The component, which is implemented as a sail layer for triple stores compliant with RDF4J's Sail Stack mechanism, is available as a jar file called st-changetracking-sail-<version>.jar, deployed into the lib ( for VB3 version < 12 it is instead: system/it/uniroma2/art/semanticturkey/st-changetracking-sail/<version>) directory of Semantic Turkey.
This jar file has to be copied inside the lib directory of the connected triple store in order to enable the history validation functionalities.
Warning for those using GraphDB: we have noticed that the loading of deployed sails on the triple store only works for the standalone version, not the os-specific installation package. Please take this into account when choosing which version of GraphDB to use
Using the Trivial Inference Engine: deploying the trivial-inference sail component in the connected triple store
If the trivial inference engine functionalities are required for projects connected to the separate triple store, then the component of Semantic Turkey managing inferences drawn by trivial reasoning in the repositories has to be deployed inside the connected store.
The component, which is implemented as a sail layer for triple stores compliant with RDF4J's Sail Stack mechanism, is available as a jar file called st-trivial-inference-sail-<version>.jar, deployed inside the lib ( for VB3 version < 12 it is instead: system/it/uniroma2/art/semanticturkey/st-trivial-inference-sail/<version> ) directory of Semantic Turkey.
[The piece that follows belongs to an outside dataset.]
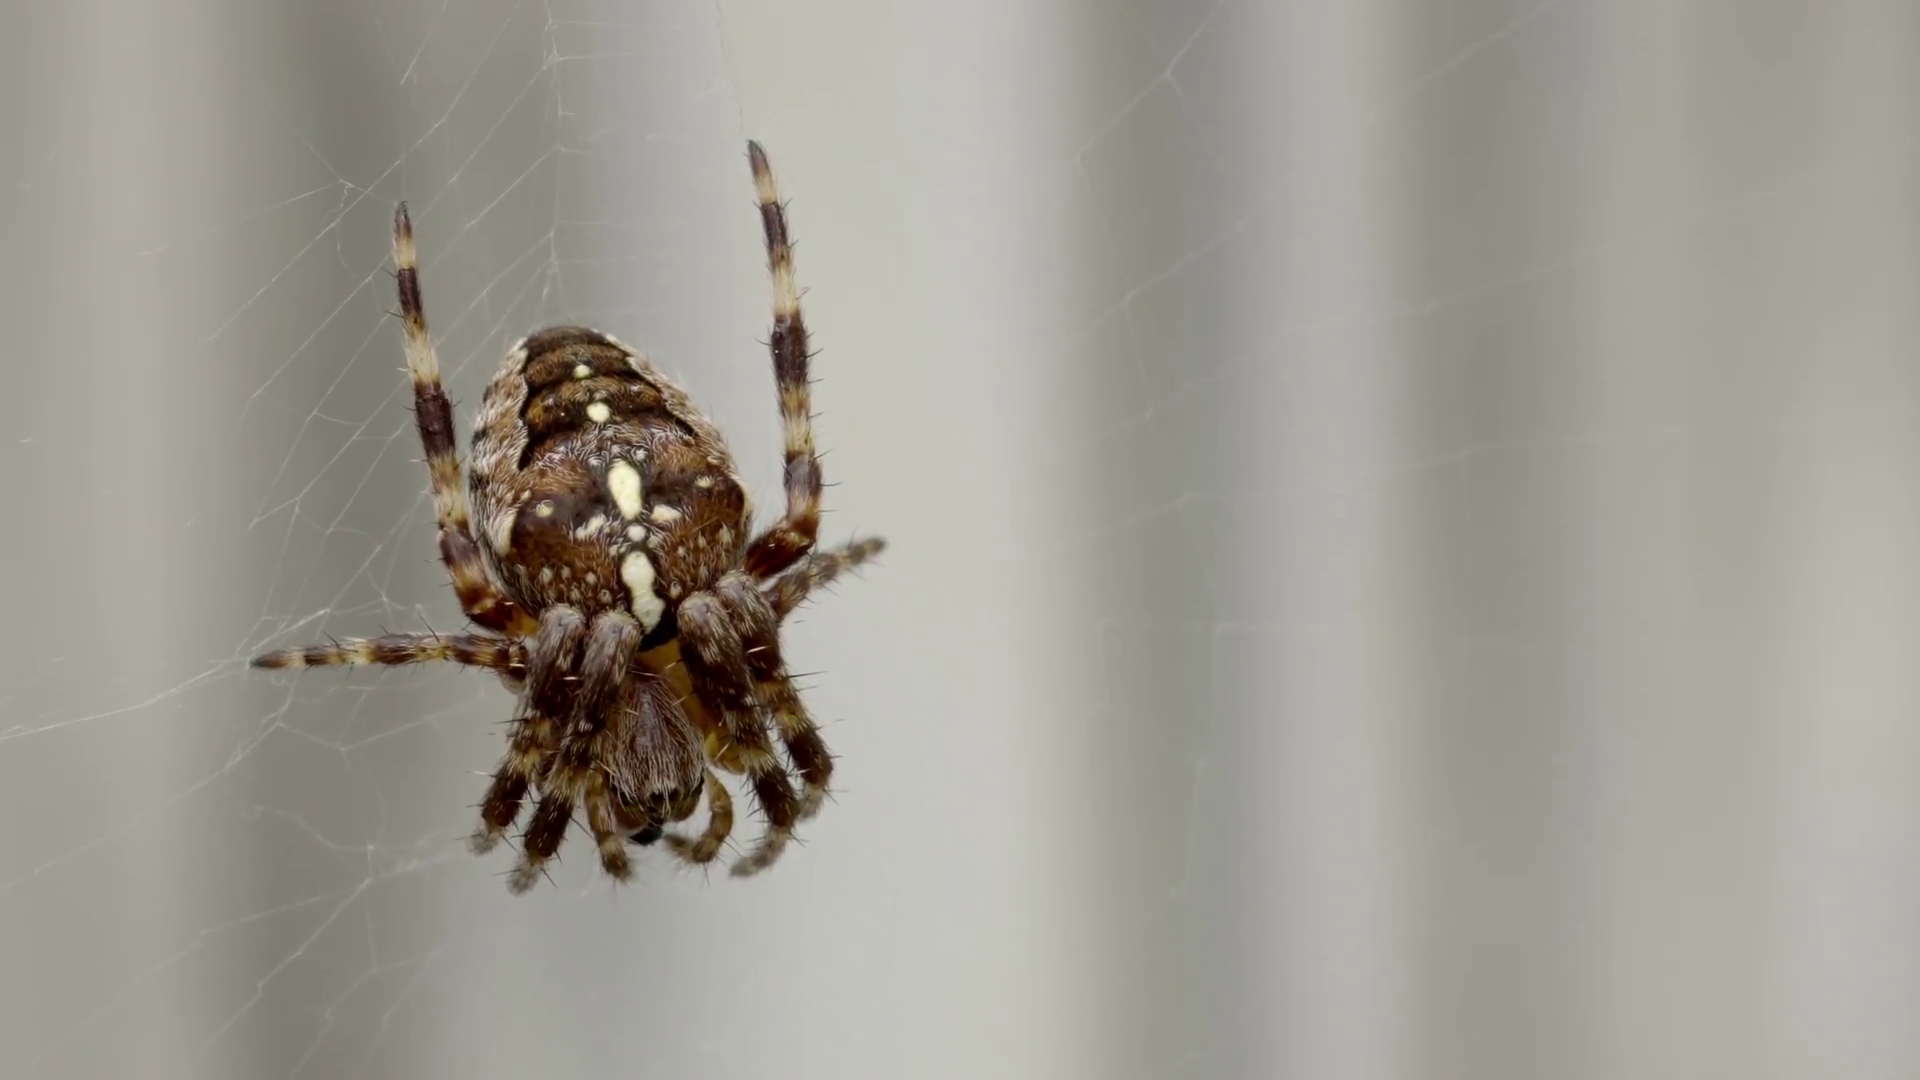 Spider on a web extreme close up stock footage. A brown hairy spider ...

This jar file has to be copied inside the lib directory of the connected triple store in order to enable the history validation functionalities.
Warning for those using GraphDB: we have noticed that the loading of deployed sails on the triple store only works for the standalone version, not the os-specific installation package. Please take this into account when choosing which version of GraphDB to use
Configuring VocBench and GraphDB for large quantities of data
When large quantities of data (hundreds of megabytes if not gigabytes) are being loaded, Semantic Turkey (the RDF management platform behind VB) might require higher memory settings in order to work properly.
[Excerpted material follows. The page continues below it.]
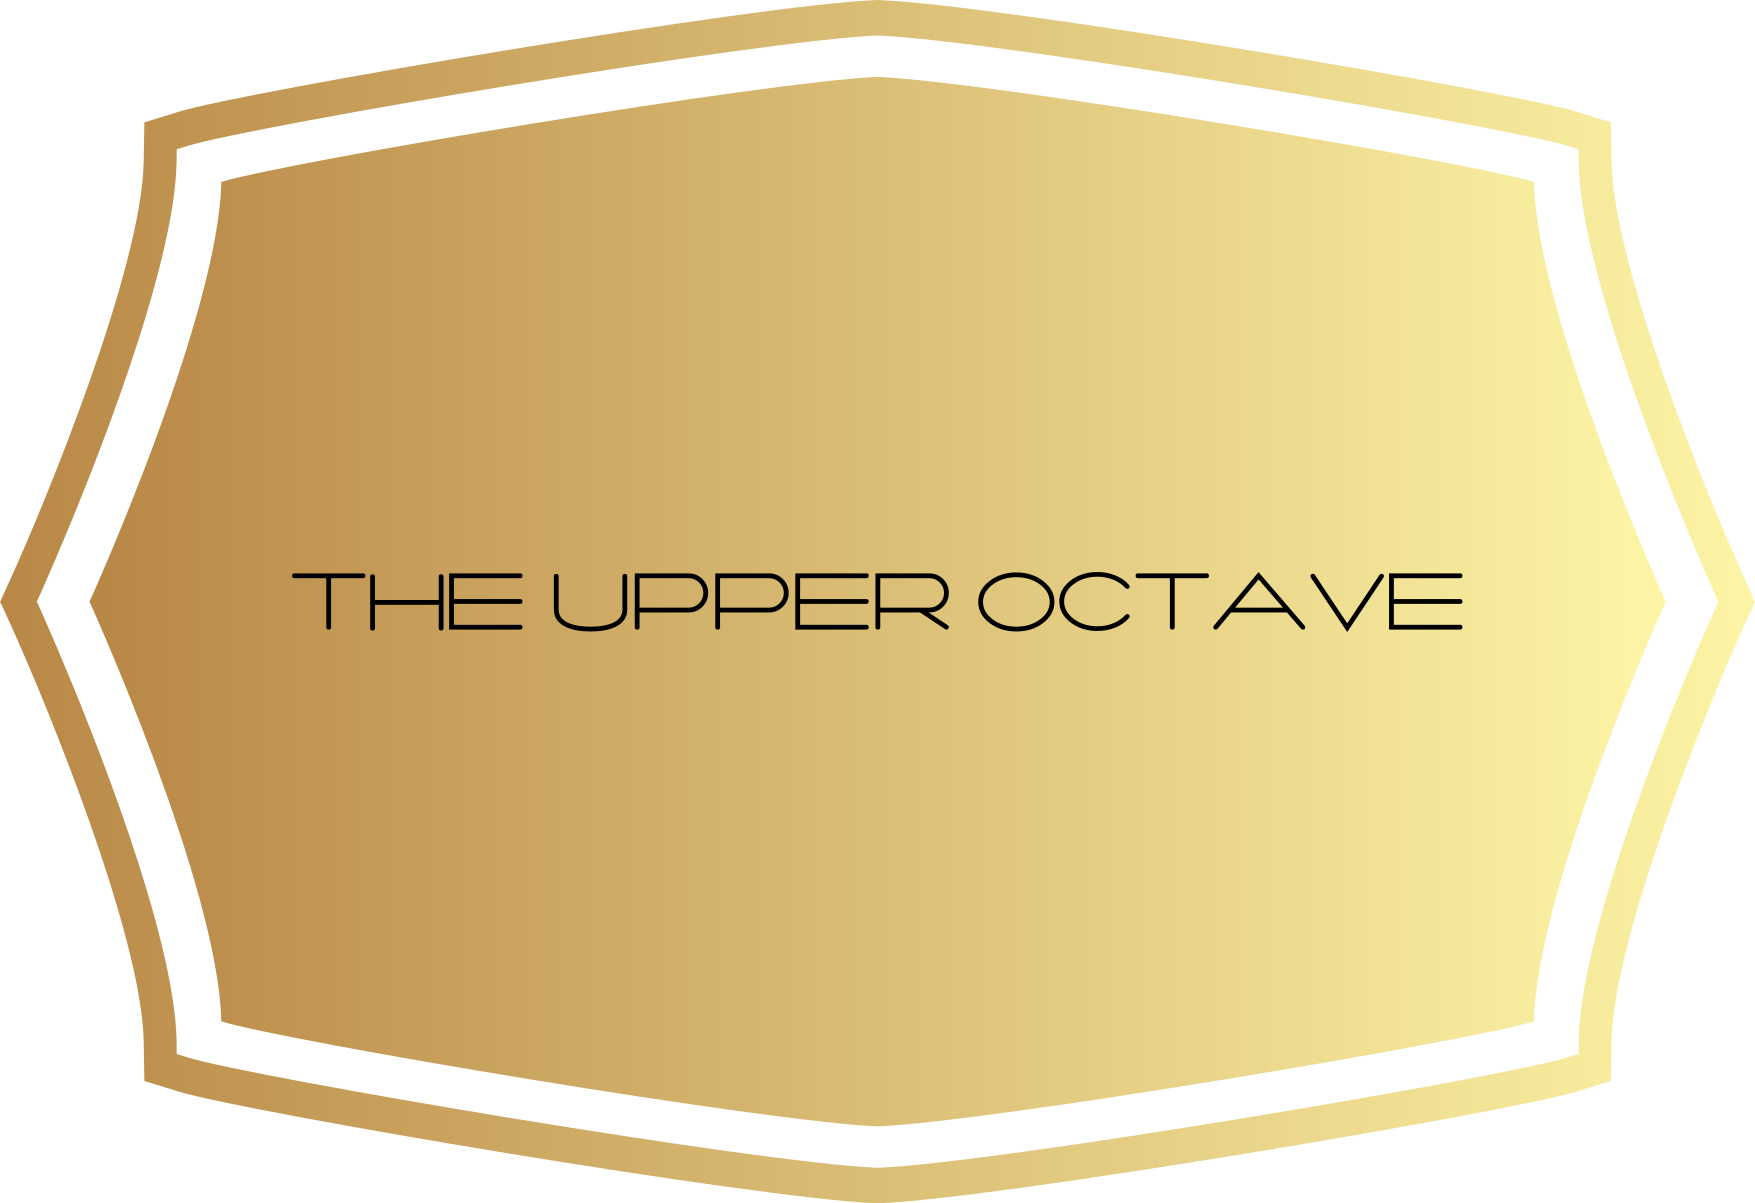 The Upper Octave

The following environment variables can be setup for improving performance with large quantities of data:
JAVA_MAX_MEM and JAVA_MIN_MEM: general Java settings, that will be used by Semantic Turkey
GDB_MAX_MEM and
GDB_MIN_MEM: specific settings read by GraphDB
The following one is a recommended configuration for a PC with 16Gb of RAM. The values can be increased upon need.
GDB_MAX_MEM=6144M
GDB_MIN_MEM=2048M
JAVA_MAX_MEM=2048M
JAVA_MIN_MEM=256M
Instructions for changing environment variables for most OSs can be found here. Also, it is possible to directly assign values of these variables locally in the setvars.in.(bat/sh) file used to run VocBench
Internationalization: providing localizations for new languages.
The internationalization page of this system admin manual describes how to prepare a new localization file and register it to VocBench.
SAML Authentication
Before you read the following instructions, please consider that SAML authentication has changed since version 12.0 of VocBench (and Semantic Turkey). If you are using a prior version, please read the instructions at the end of this section.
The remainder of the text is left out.